Site 1099 recovered a diatom ooze section like that of Site 1098 but greatly expanded by biogenic turbidites (Fig. 20). The lowest 20 m contained black, organic-rich, laminated diatom ooze. The major diatom species at Sites 1098 and 1099 reveal a downward trend of decreasing open-ocean influence and increasing sea-ice and basin restriction. Other microfossils show similar trends: radiolarians are common and well preserved in the upper 28 mbsf of Site 1098 with relatively diverse assemblages, but diversity and abundance gradually decrease to zero at the bottom of the hole. At Site 1099 the pattern of decreasing abundance and diversity downcore is similar, but it occurs over 108 m (the record was expanded because of increased terrigenous supply). Benthic foraminifers are well preserved and abundant in the upper 87 m of Hole 1099A. They appear similar to previously reported benthic foraminiferal fauna of the Bellingshausen Sea, fluctuating between open ocean (Circumpolar Deep Water [CDW]) and shelf-water conditions and tied to 200-yr productivity cycles. However, beneath 87 mbsf in Hole 1099B, the depth of the highest black interval, the microfossil assemblages suggest more restricted oceanographic conditions (decreased CDW influence and colder shelf waters). Samples at the bottom of the hole contain large amounts of pyrite and a few foraminifers.
The sulfate reduction zone at Site 1099 lies between the seafloor and 10 mbsf, shallower than at Site 1098, and is accompanied by a steady downward increase in alkalinity and ammonium. The unusual interstitial water chemistry profiles of Site 1098 are not found at Site 1099, but organic carbon contents are comparable. Overall, at Palmer Deep sites, organic carbon content was 1.0-1.5 wt%, and the effects of organic matter decay were an order of magnitude greater than at the continental rise sites (1095, 1096, and 1101).
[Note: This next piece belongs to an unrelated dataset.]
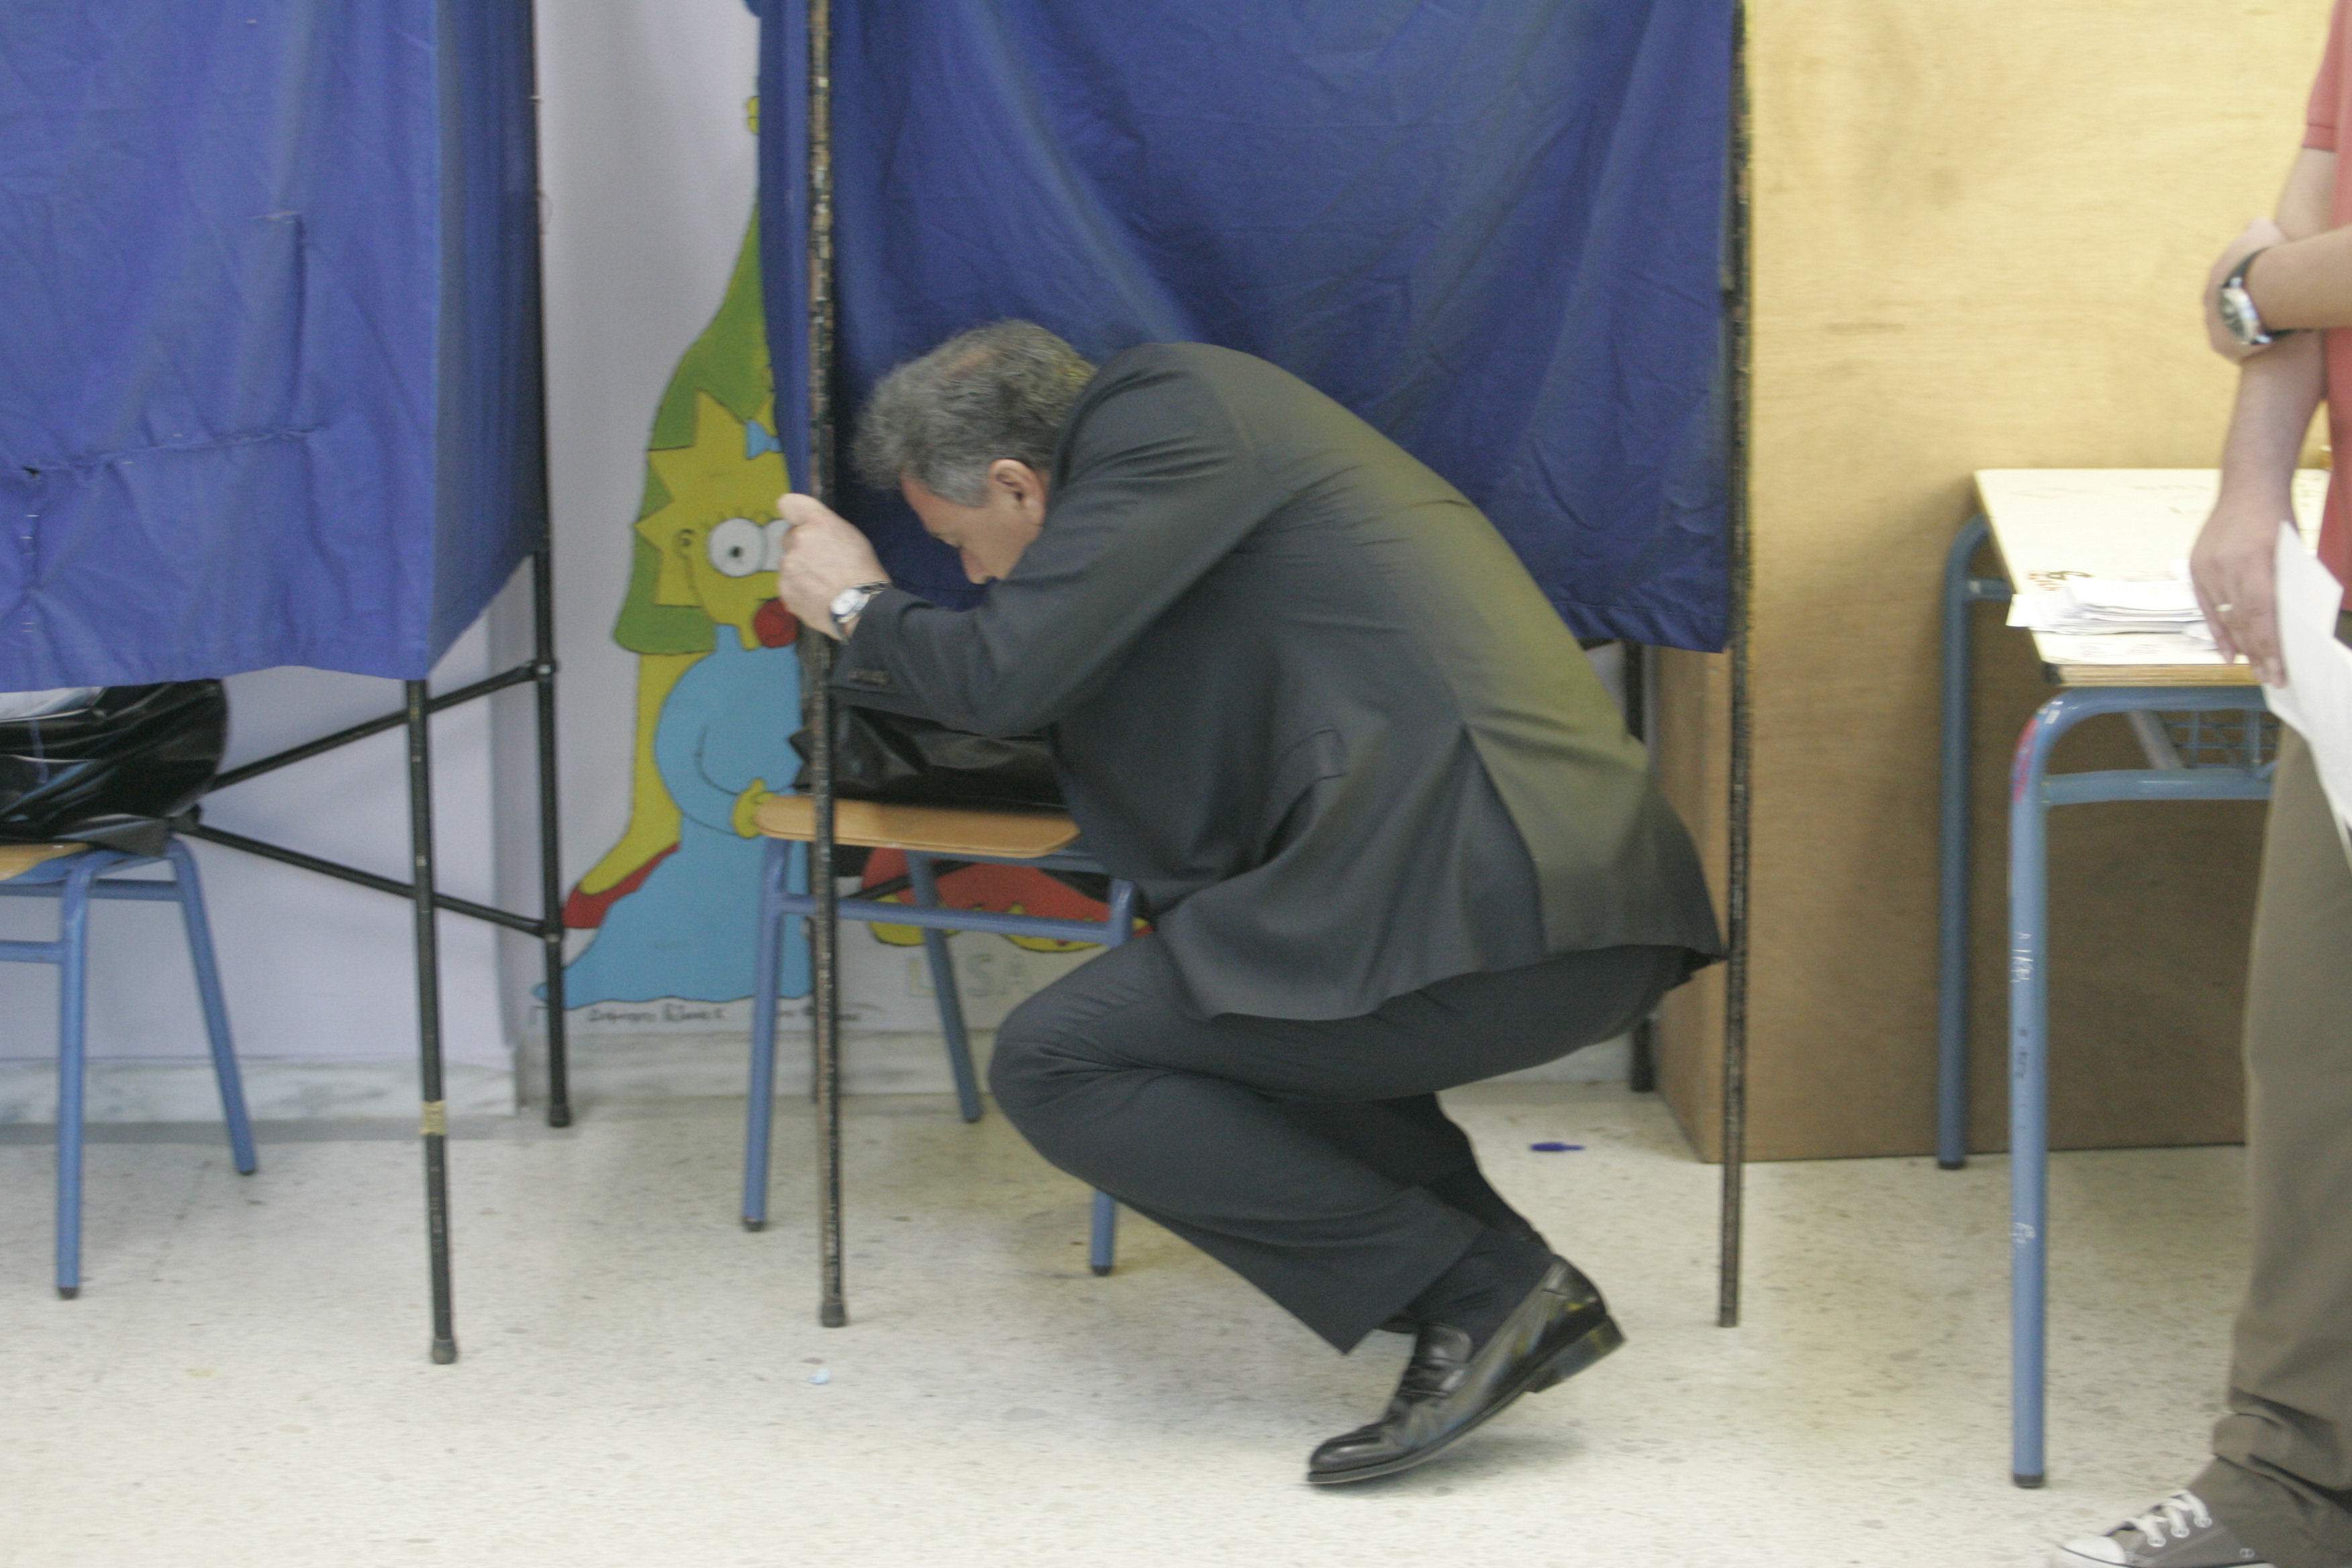 Πρωϊνή εκλογική γυμναστική για τον Γιάννη Σγουρό που του έπεσε ο φάκελος - ΦΩΤΟ EUROKINISSI

MST data for the three holes at Site 1098 allow good correlation between holes to the full depth and match previous measurements on shallow cores in their upper part. The two broad intervals of high magnetic susceptibility at 0-8 and 30-38 mbsf are also marked in gamma-ray attenuation density. Deep-tow boomer records around Site 1098 show an upper stratified seismic unit and a lower, more transparent, unit. The base of the stratified unit corresponds at Site 1098 to the change from mainly bioturbated to mainly laminated sediments. At Site 1099, using a synthetic seismogram derived from MST data, eight distinct reflectors in the deep-tow boomer section correlate exactly with distinct turbidite horizons. A widespread, strong mid-basin reflector beneath them coincides with a sand and pebble layer at 33 mbsf.